Pictures stay out. Everything else in the listing below gets written out exactly.
(SOURCE DATA begins)
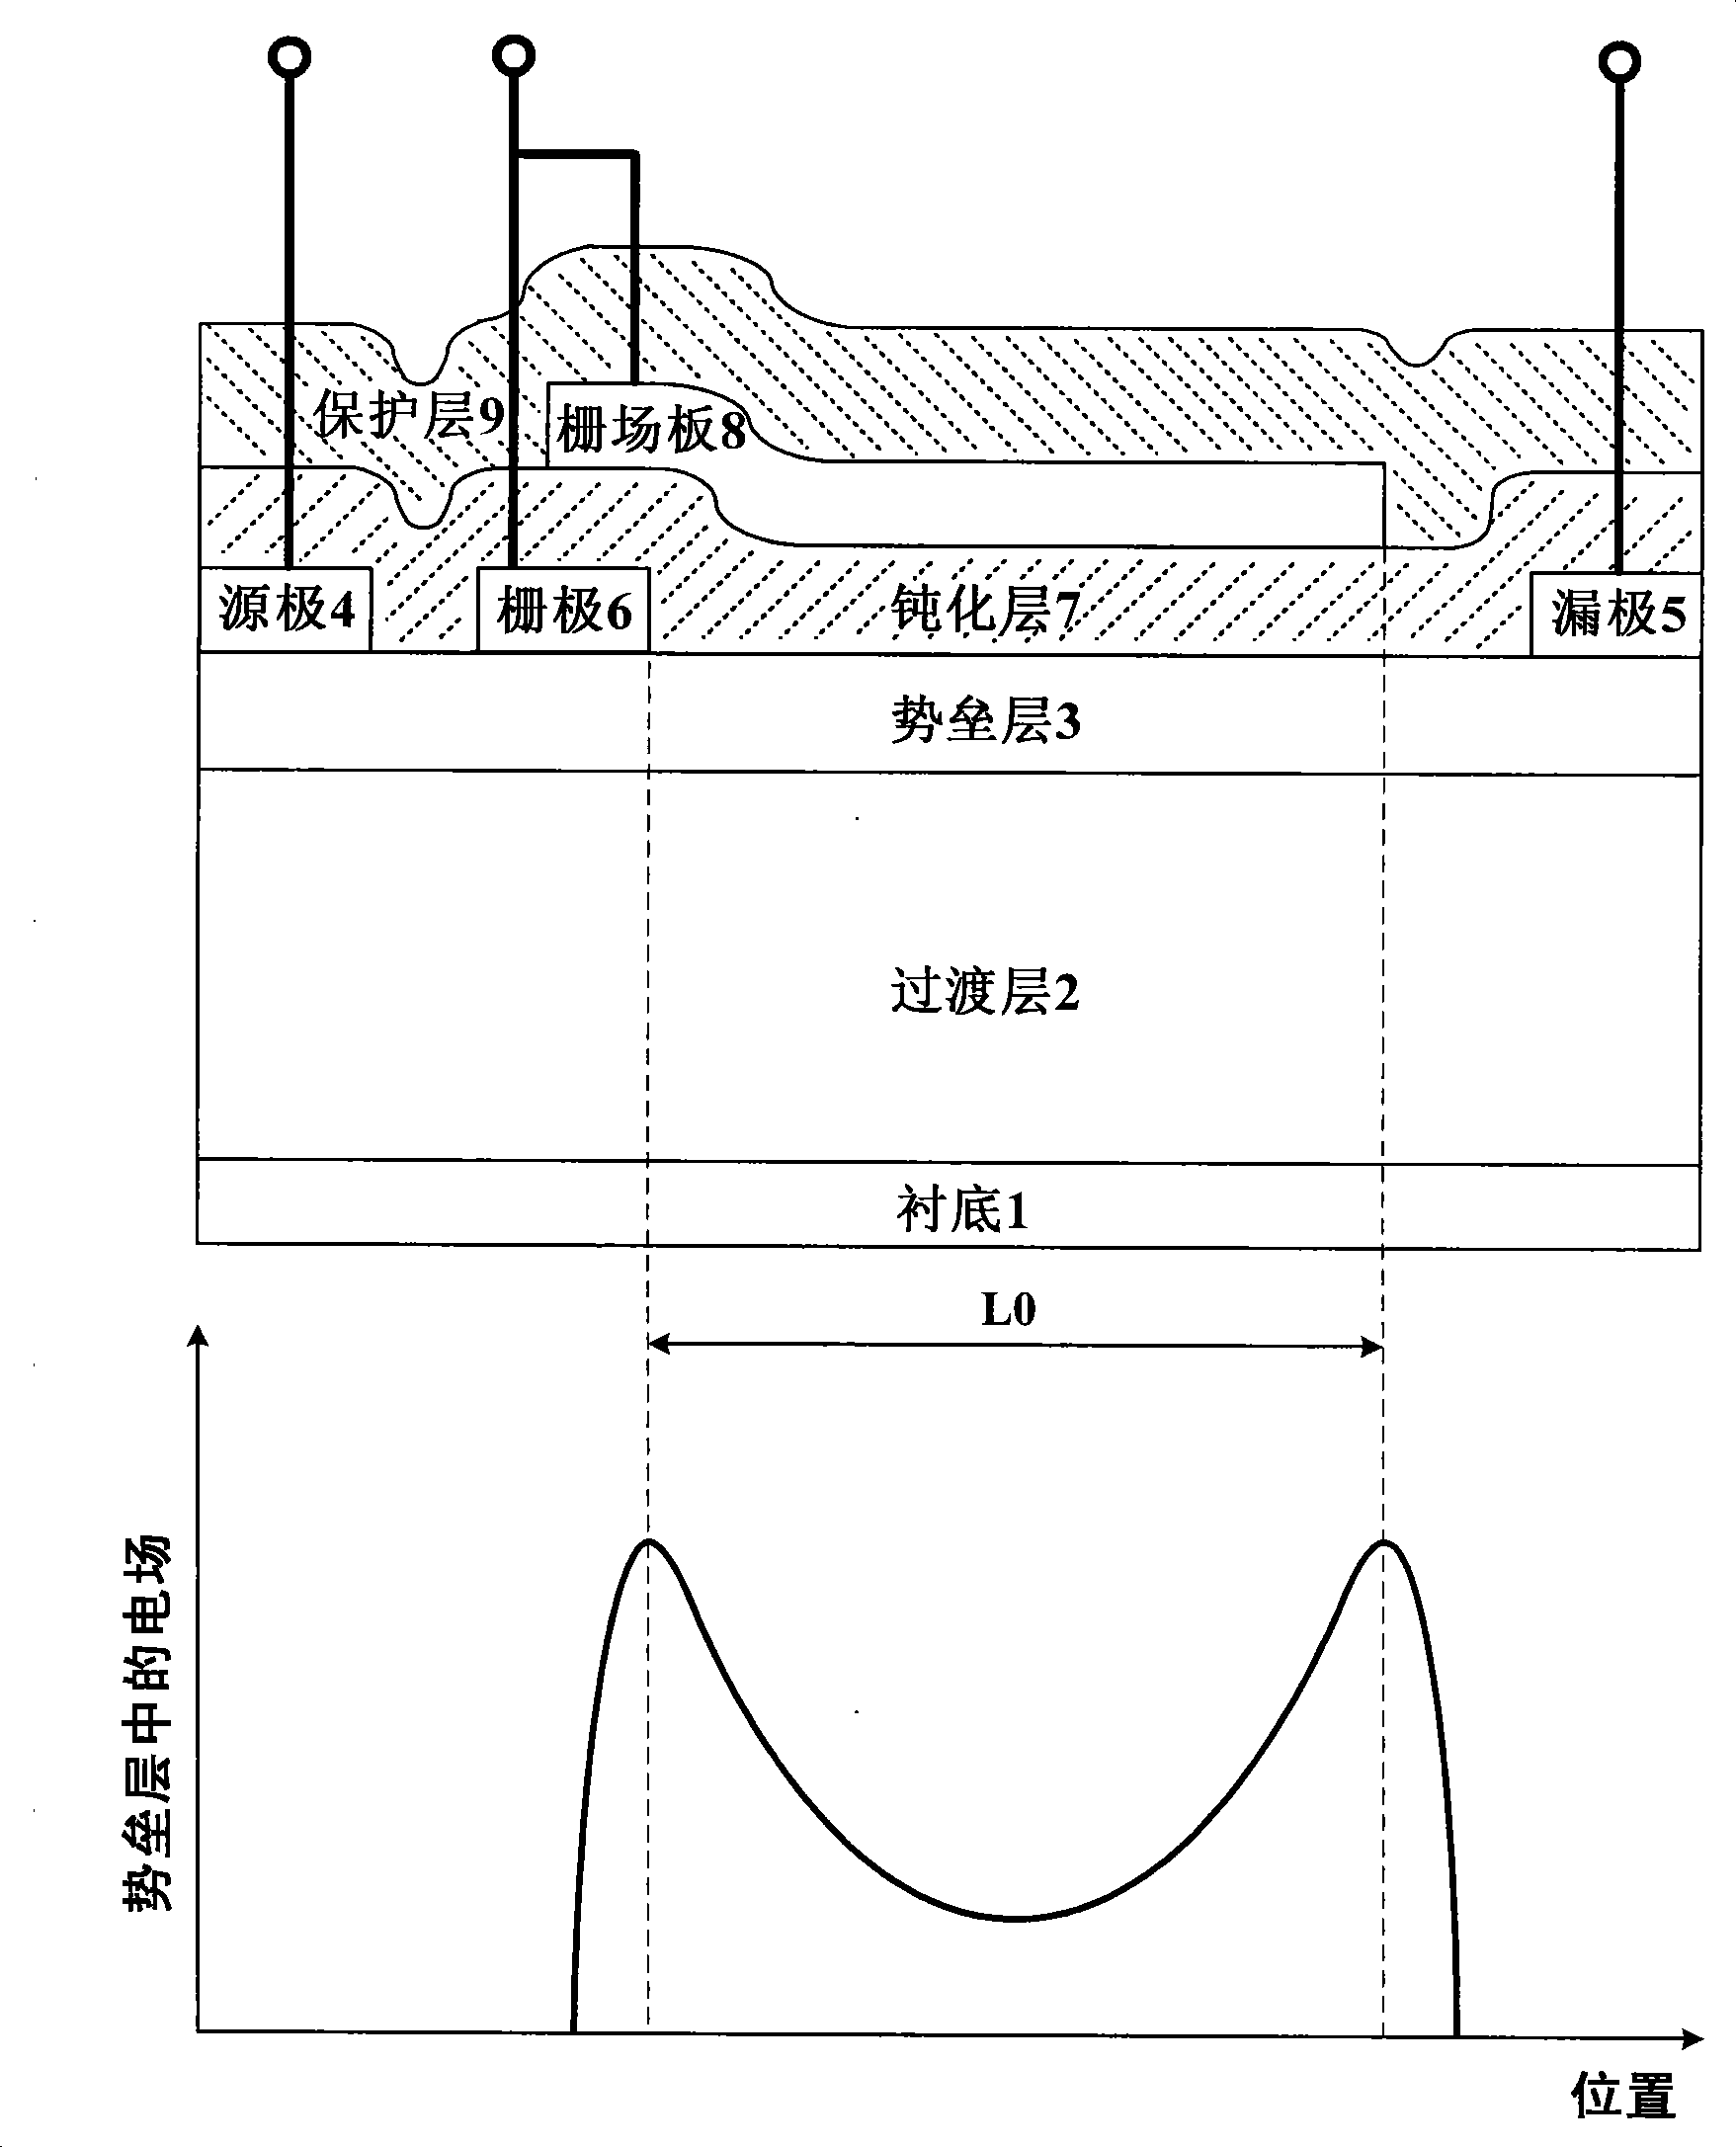 Groove gate type gate-leakage composite field plate transistor with high electron mobility
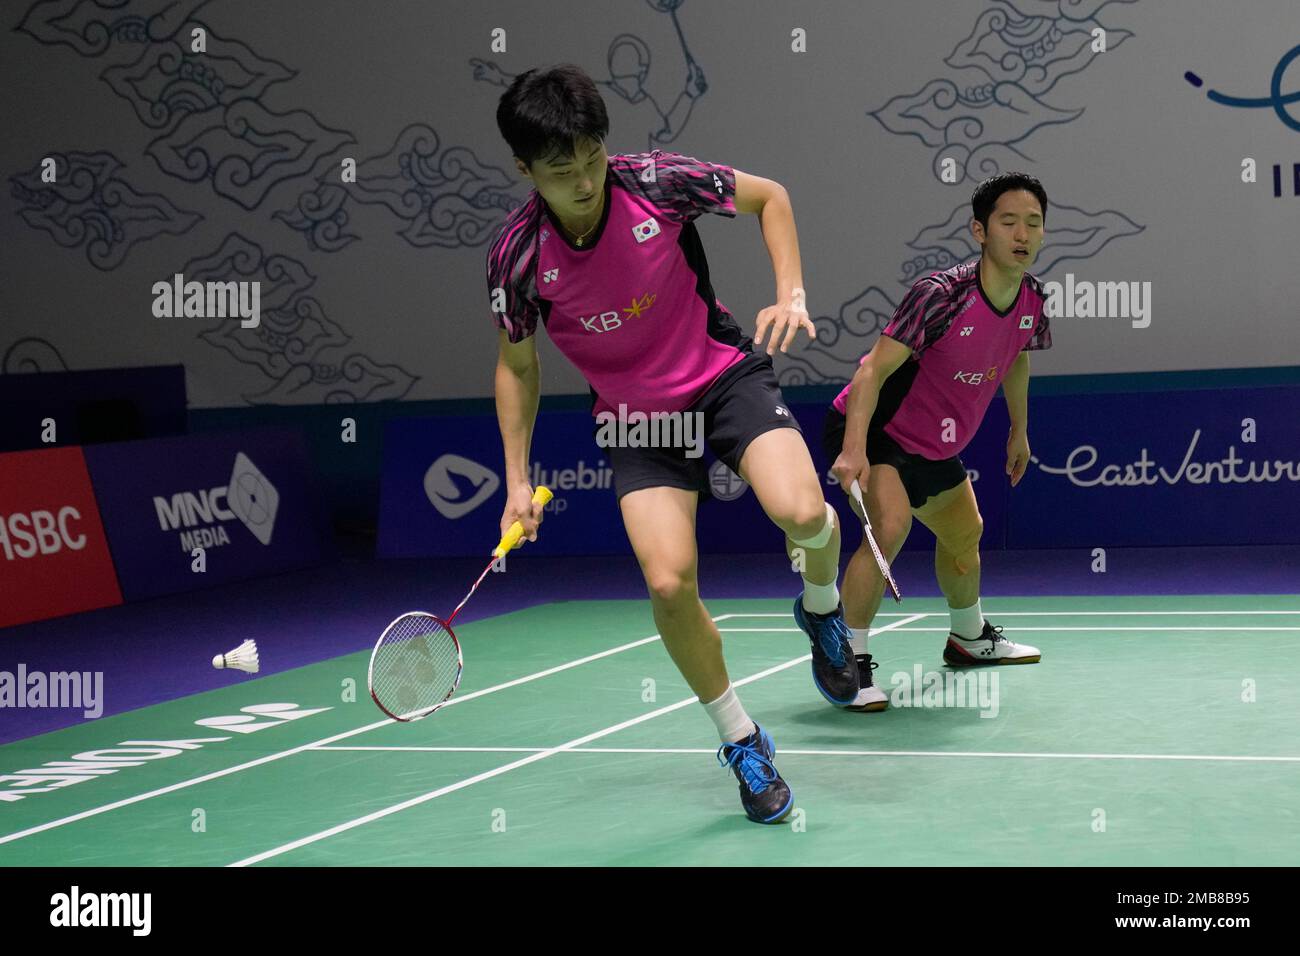 South Koreas Choi Sol-gyu, right, and Kim Won-ho compete against their compatriots Kang Min-hyuk and Seo Sung-jae during their mens doubles quarterfinal match at Indonesia Open badminton tournament at Istora Gelora Bung
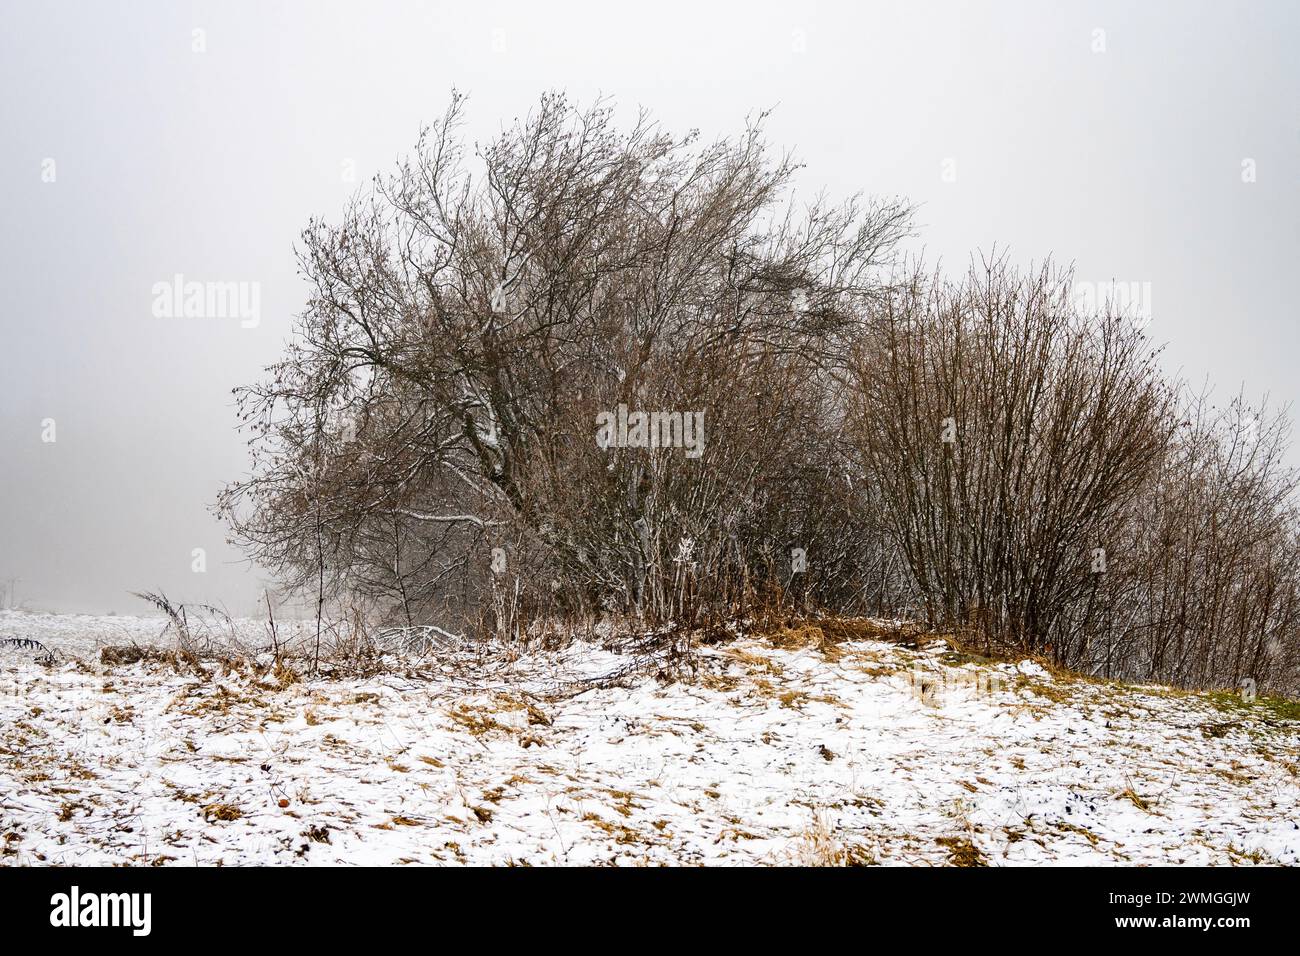 Lonely bare bush in mist on snowy mountain meadow after storm in winter. Stock Photo
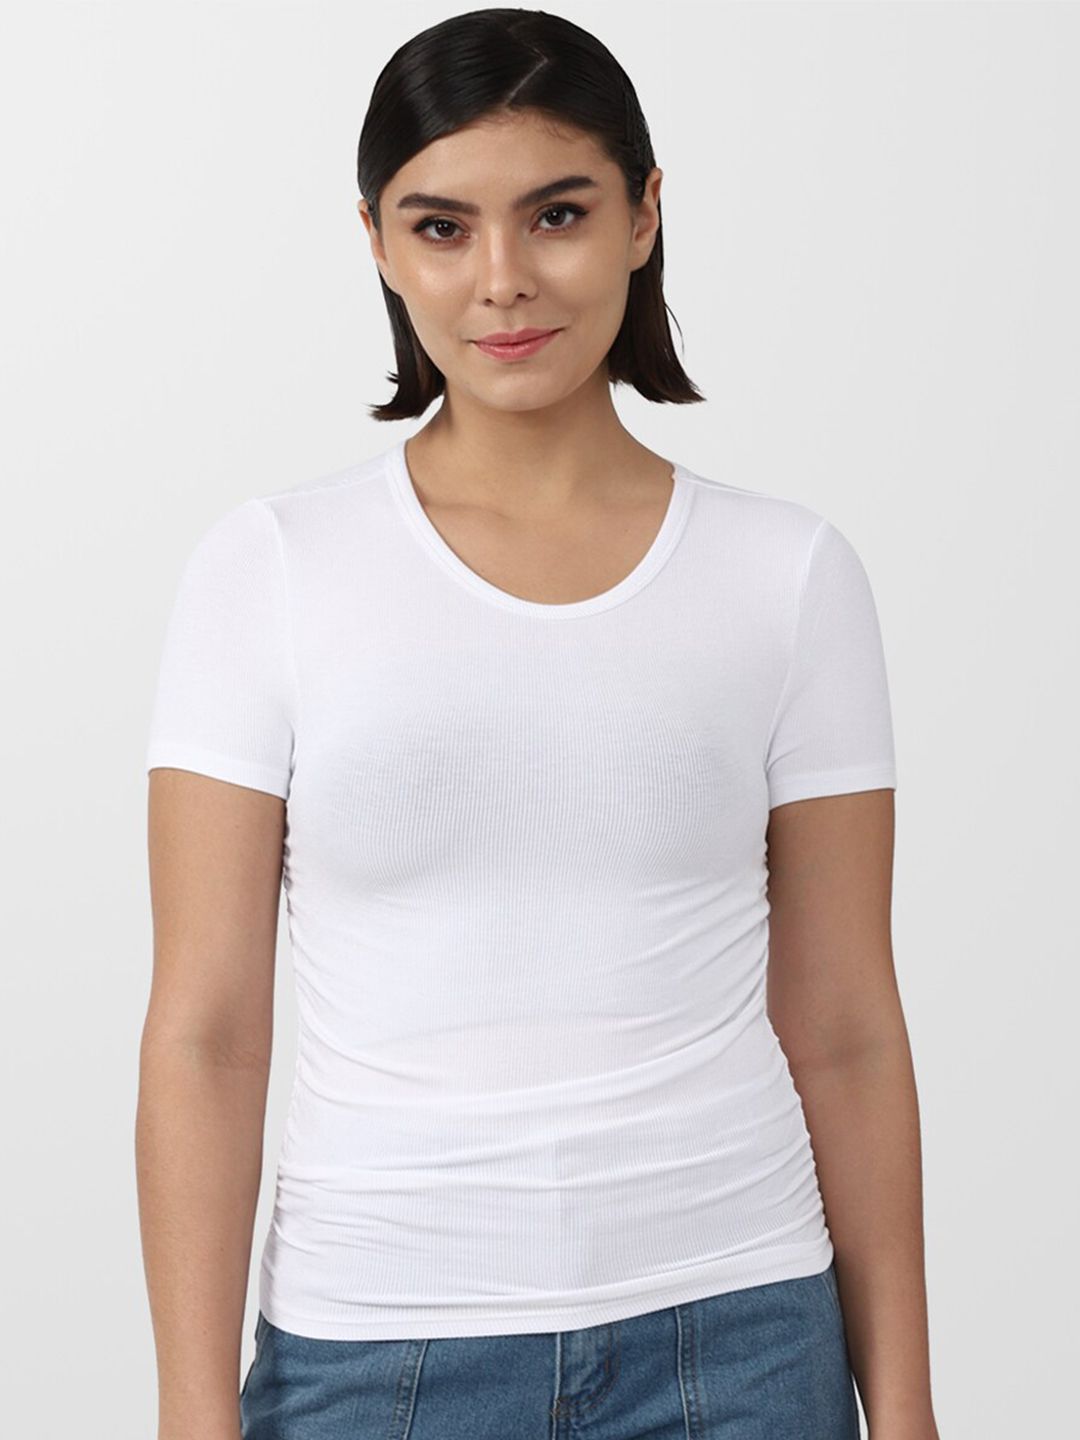 FOREVER 21 Women White Solid Top Price in India
(SOURCE DATA ends)
SOLVED PROBLEM:
 Groove gate type gate-leakage composite field plate transistor with high electron mobility
 South Koreas Choi Sol-gyu, right, and Kim Won-ho compete against their compatriots Kang Min-hyuk and Seo Sung-jae during their mens doubles quarterfinal match at Indonesia Open badminton tournament at Istora Gelora Bung
 Lonely bare bush in mist on snowy mountain meadow after storm in winter. Stock Photo
 FOREVER 21 Women White Solid Top Price in India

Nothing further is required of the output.